FINAL DIAGNOSIS - THROMBOSIS OF INTERNAL CEREBRAL VEINS
Venous thrombosis is a clinically underrecognized cause of lethargy or coma as well as seizures in the neonatal period (1-3). The dural venous sinuses are most commonly affected (1, 3), but the internal (Galenic) venous system may also be involved - either in conjunction with the dural sinuses, or in isolation as in the present case. In some cases, neonatal cerebral venous thrombosis may have a favorable outcome with normal subsequent neurodevelopment (2), however a poor outcome is more likely when the internal venous system is involved (3).

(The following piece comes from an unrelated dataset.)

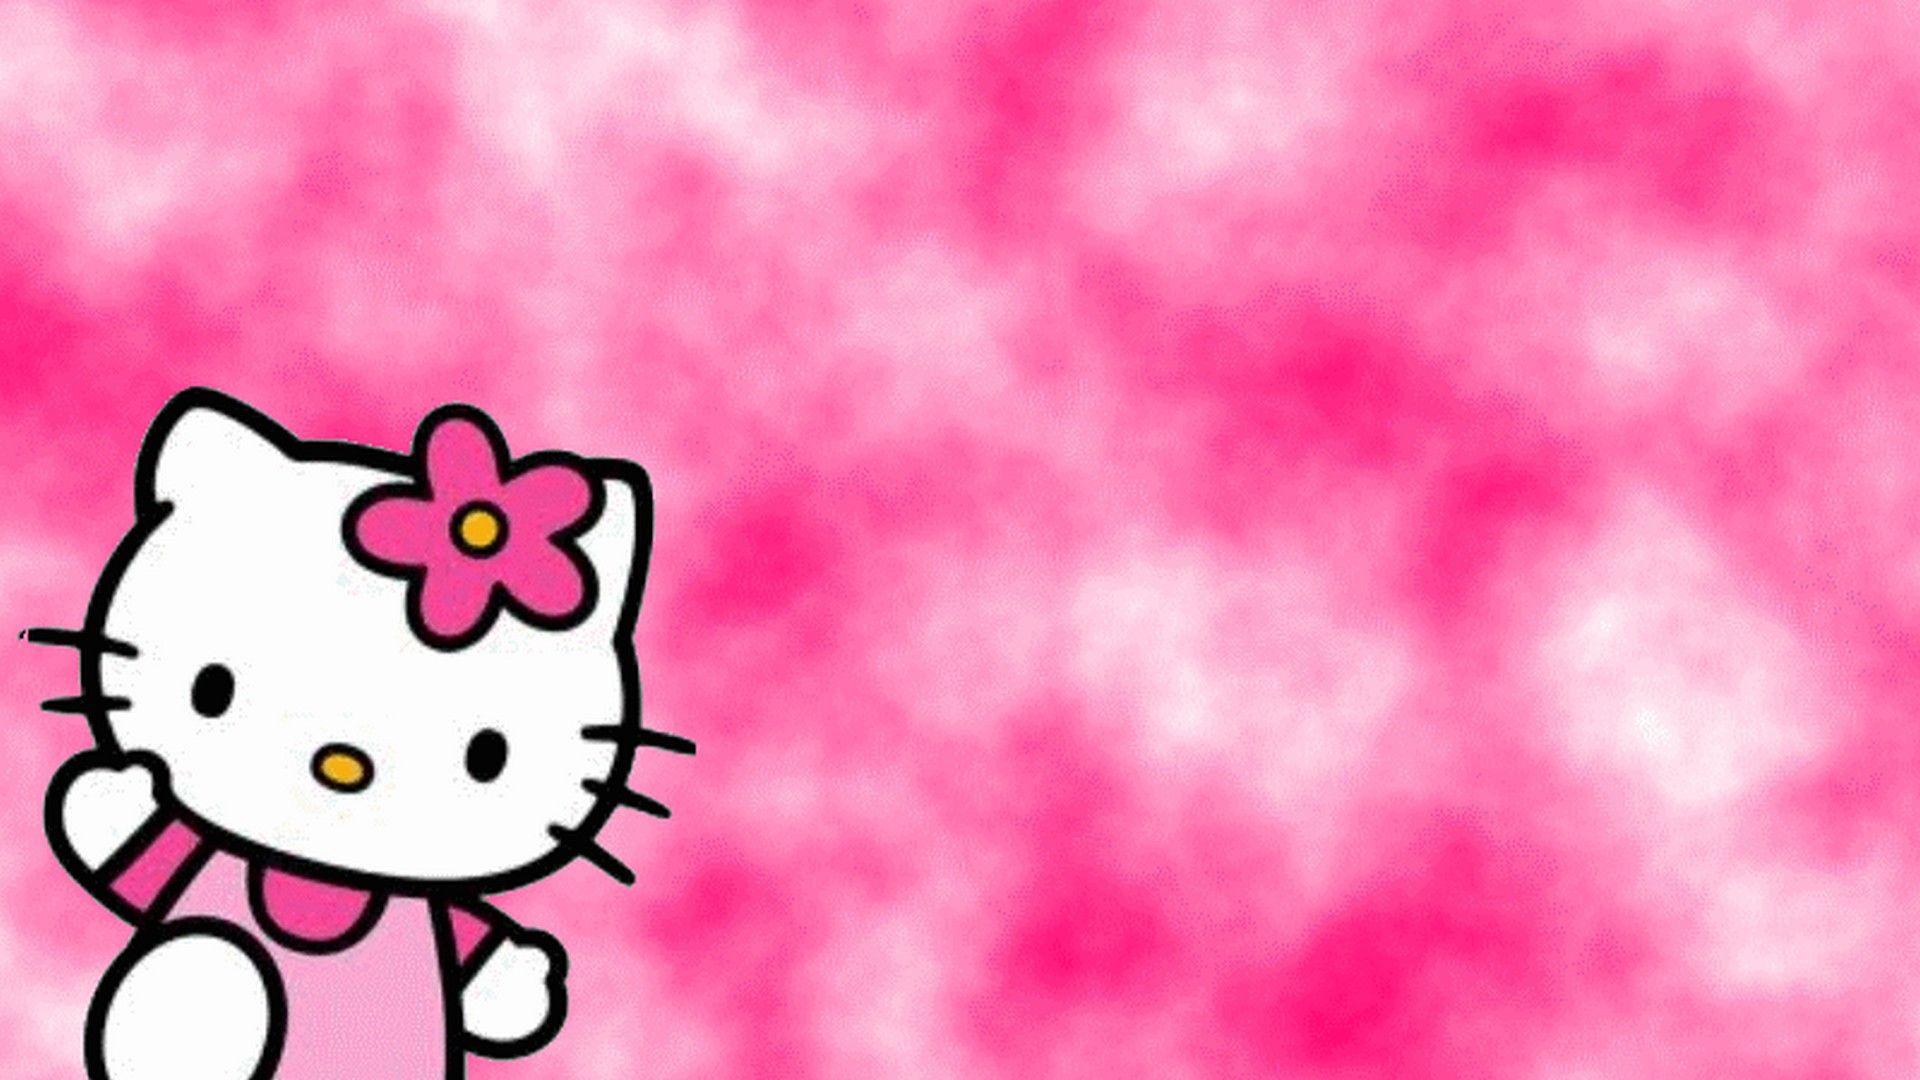 582067 1920x1080 hello kitty free backgrounds desktop PNG 149 kB  Rare  Gallery HD Wallpapers

The pathogenesis of perinatal cerebral venous thrombosis was discussed thoroughly by Ehlers and Courville in their classic article published in 1936 (3). They classified intracranial venous thrombosis into primary (marantic), secondary (infectious), and combined types, and reported that whereas thrombosis of the dural sinuses is most often secondary to a suppurative process such as meningitis, thrombosis of the internal venous system is usually of the primary or combined type. In infants, important factors associated with primary thrombosis of the internal cerebral veins include diarrhea, vomiting, and dehydration (3); any factors causing increased coagulability of the blood may also contribute.
The presence of hemorrhagic venous infarcts bilaterally in the deep hemispheres is characteristic of thrombosis of the internal cerebral venous system (3). In normal anatomy, blood from the deep structures drains via bilaterally paired internal cerebral veins into the unpaired midline vein of Galen, which in turn drains into the straight sinus. Thus, thrombosis of the vein of Galen or straight sinus leads to bilateral congestion of internal cerebral veins and retrograde spread of thrombosis, followed by hemorrhagic infarction. Thrombosis of the internal cerebral venous system should be considered in the differential diagnosis of neonatal intraventricular hemorrhage and periventricular leukomalacia, particularly when the infant is near term and has bilateral hemorrhagic lesions.
The present case illustrates a close correlation between the postmortem brain specimen and the pattern of lesions as seen by ultrasound exam. MRI methods that reveal the absence of blood flow are also useful for diagnosing intracranial venous thrombosis (2).